- _WHAT IS BEING ASKED_
The answer is the full listing restated exactly, without any pictures.

- _INPUT DATA_
——————————

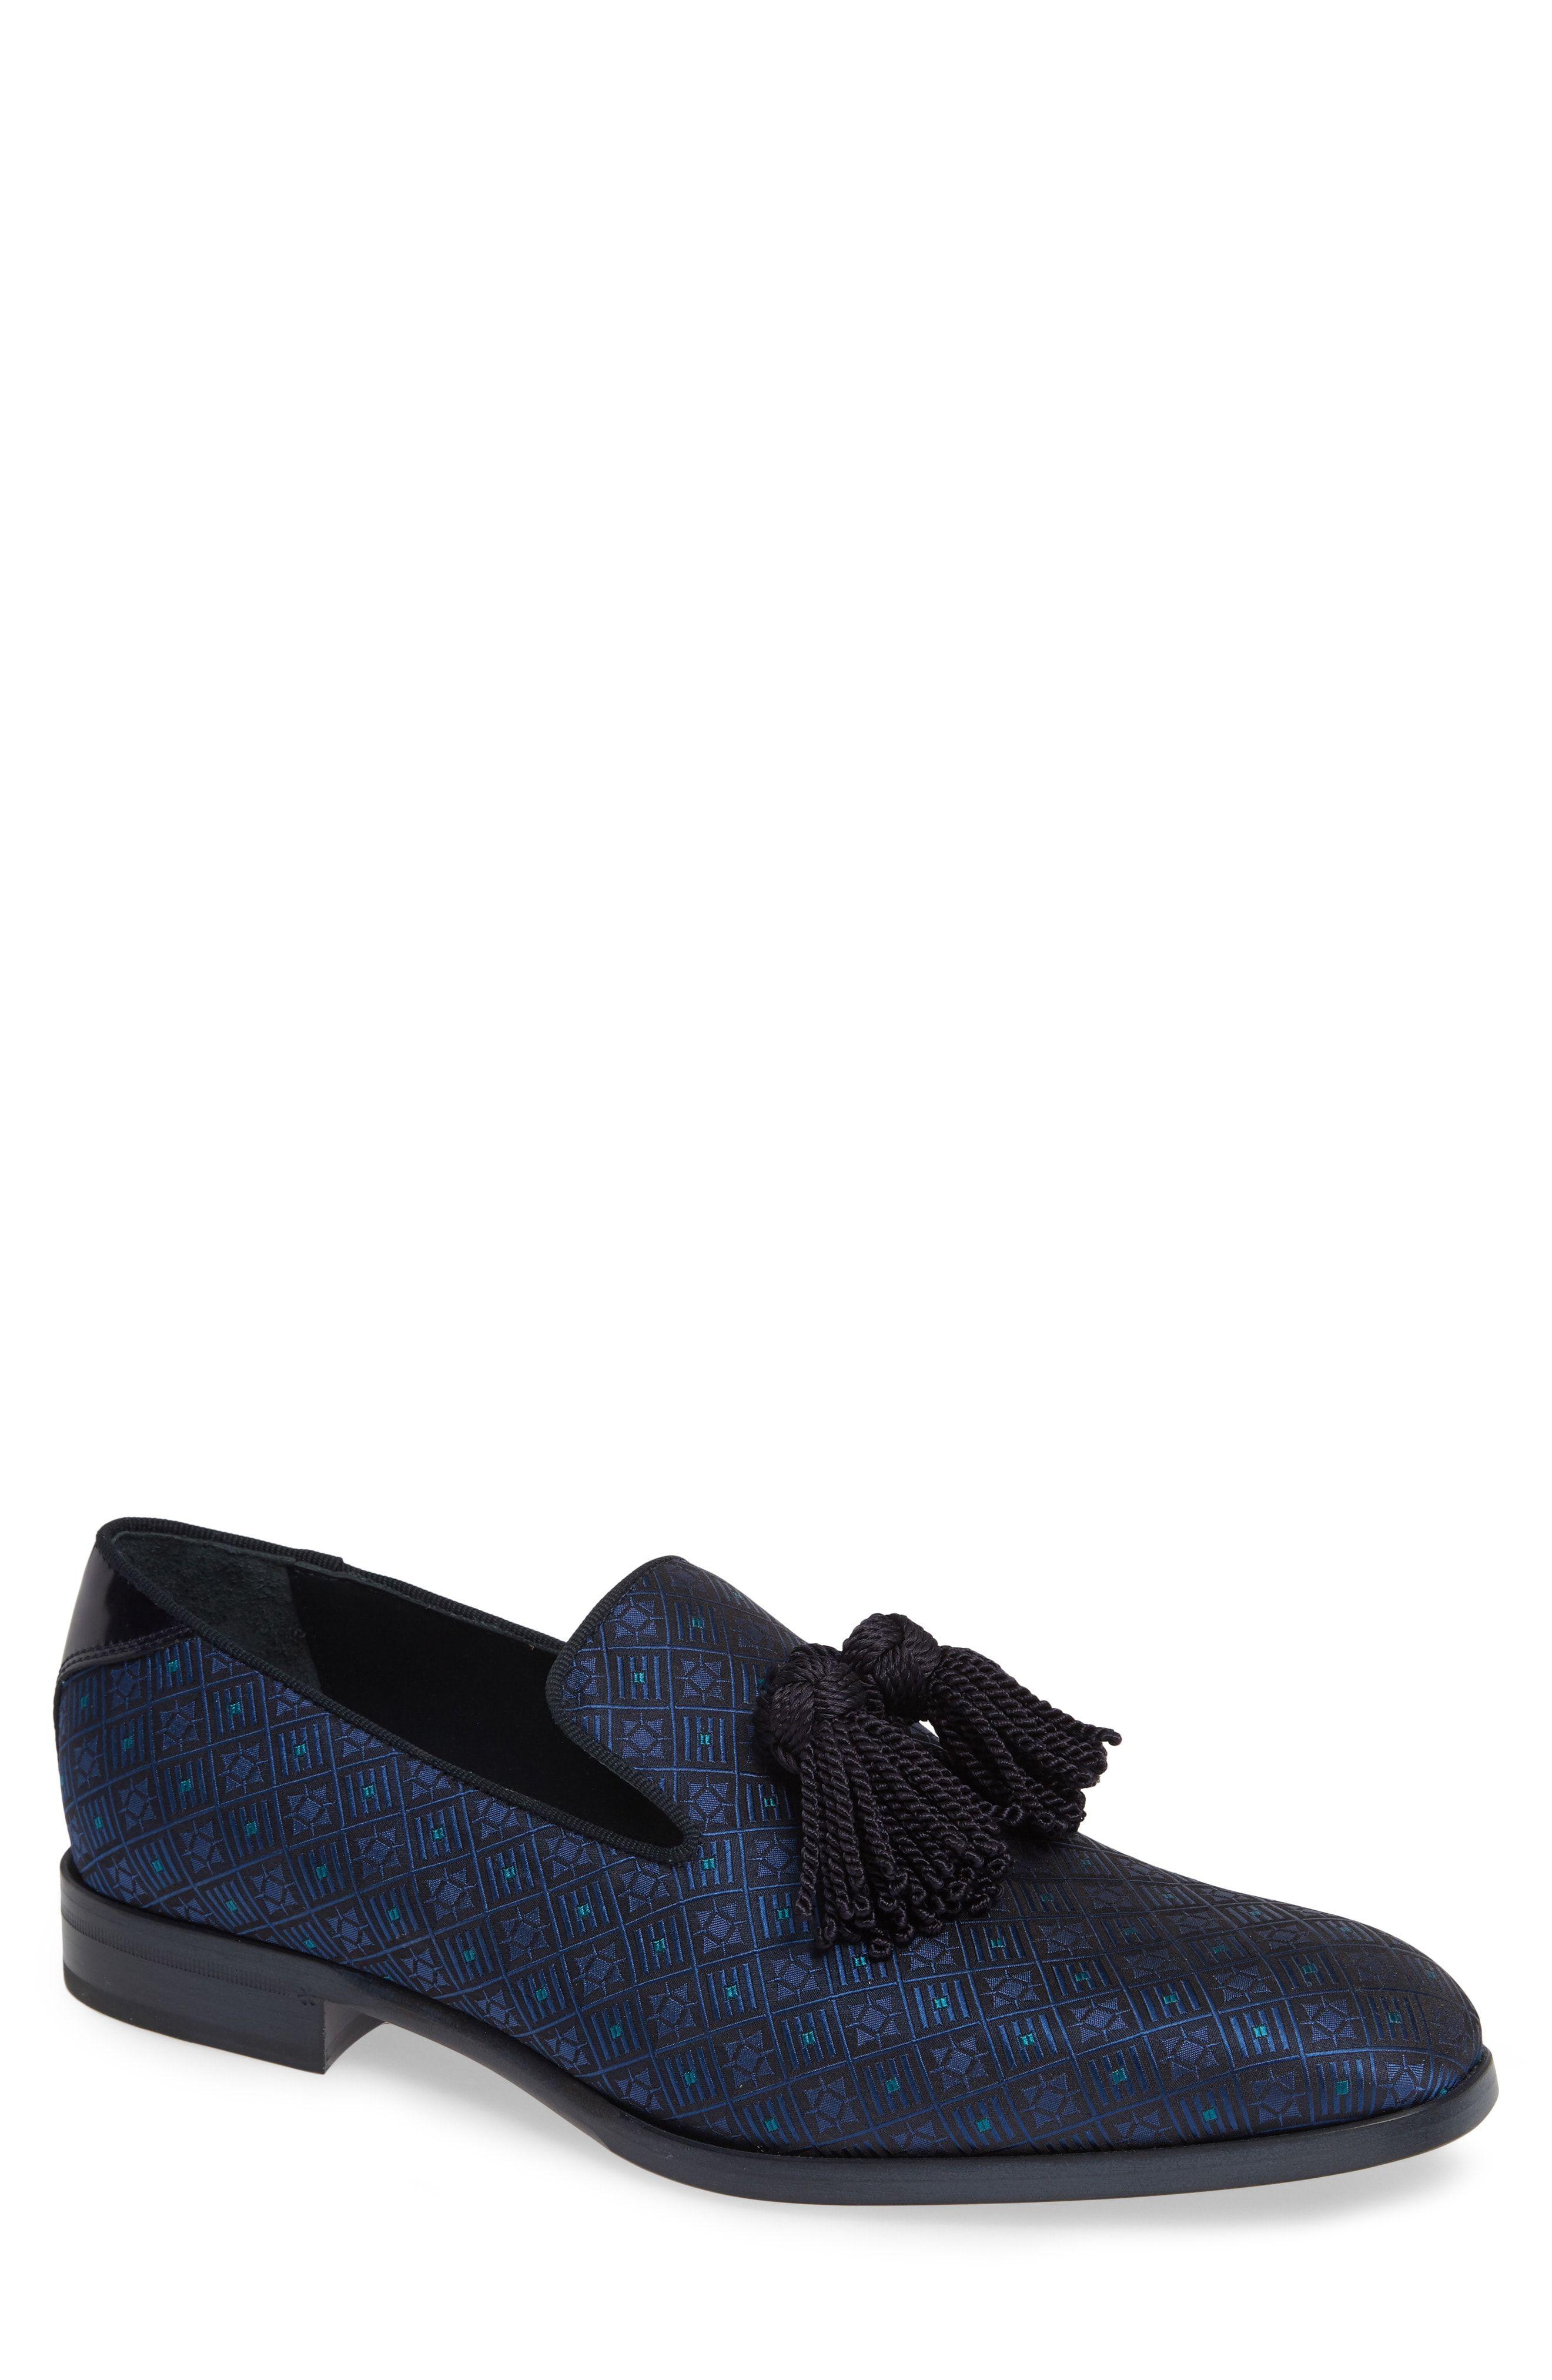 d636f41a859 JIMMY CHOO  FOXLEY  OMBRE GLITTER TASSEL LOAFER.  jimmychoo  shoes ...
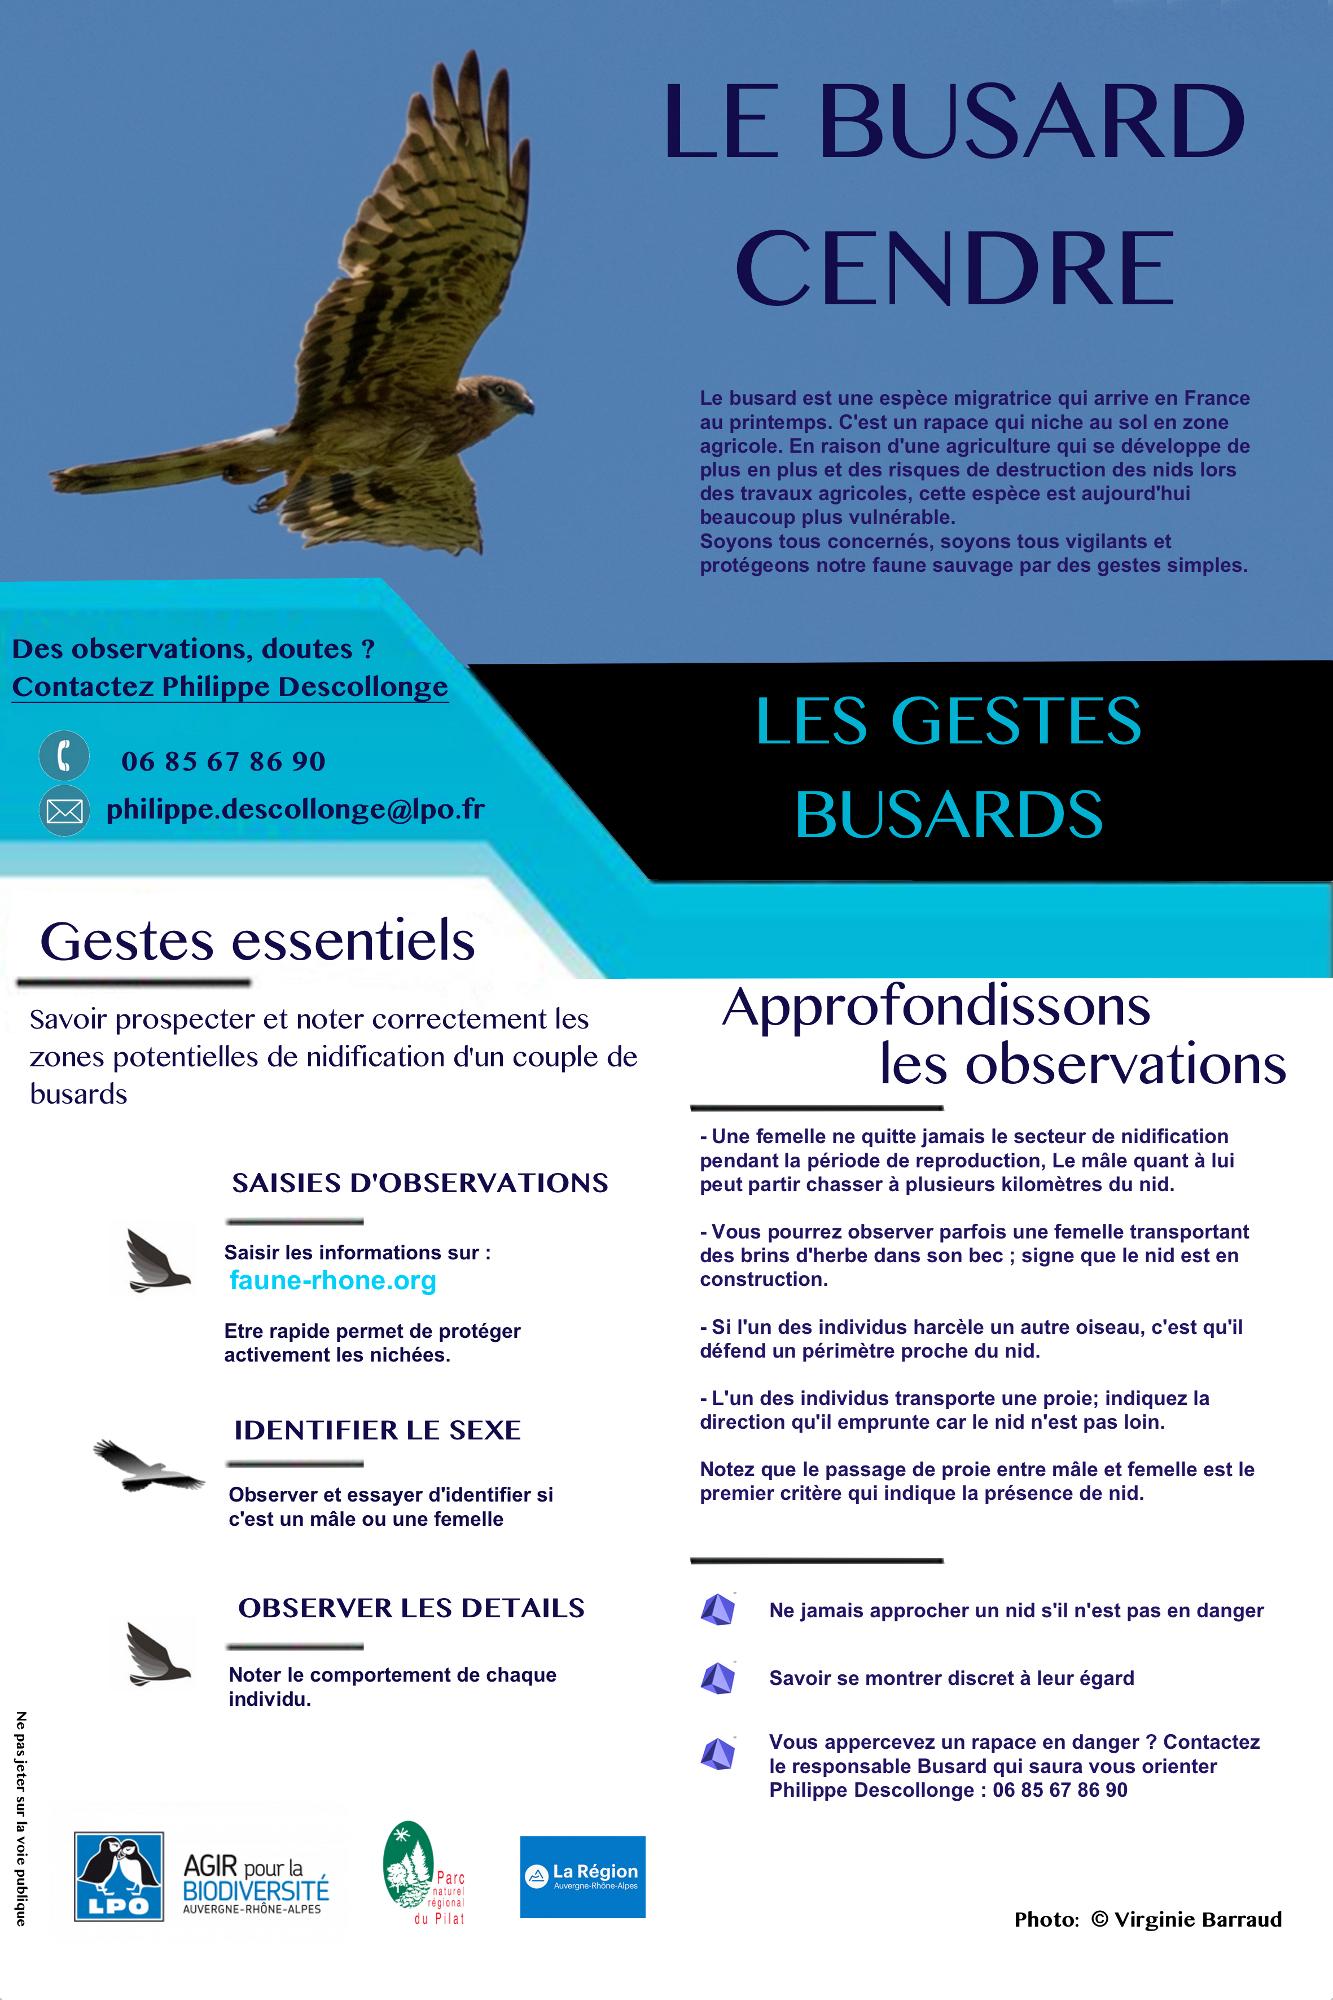 https://cdnfiles1.biolovision.net/www.faune-rhone.org/userfiles/Documents/Illustrationsnews/Busardsensibilisation-INTERFACE2.jpg
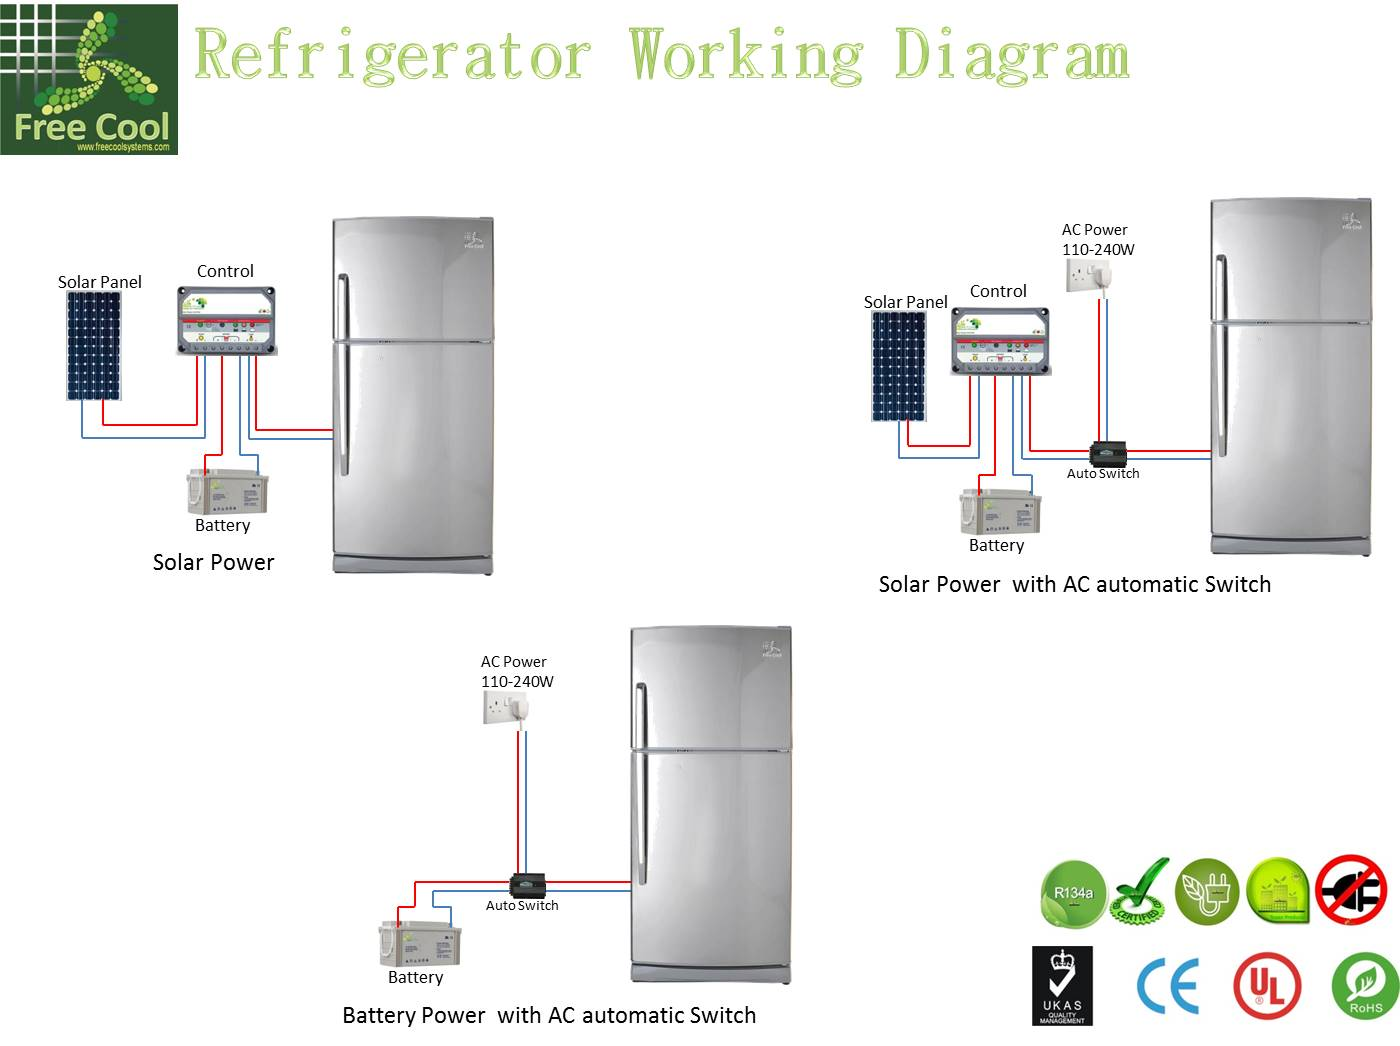 how a freezer works diagram 2003 kia sorento engine free cool systems home

——————————

- _SOLUTION TO THIS TASK_
 d636f41a859 JIMMY CHOO  FOXLEY  OMBRE GLITTER TASSEL LOAFER.  jimmychoo  shoes ...
 https://cdnfiles1.biolovision.net/www.faune-rhone.org/userfiles/Documents/Illustrationsnews/Busardsensibilisation-INTERFACE2.jpg
 how a freezer works diagram 2003 kia sorento engine free cool systems home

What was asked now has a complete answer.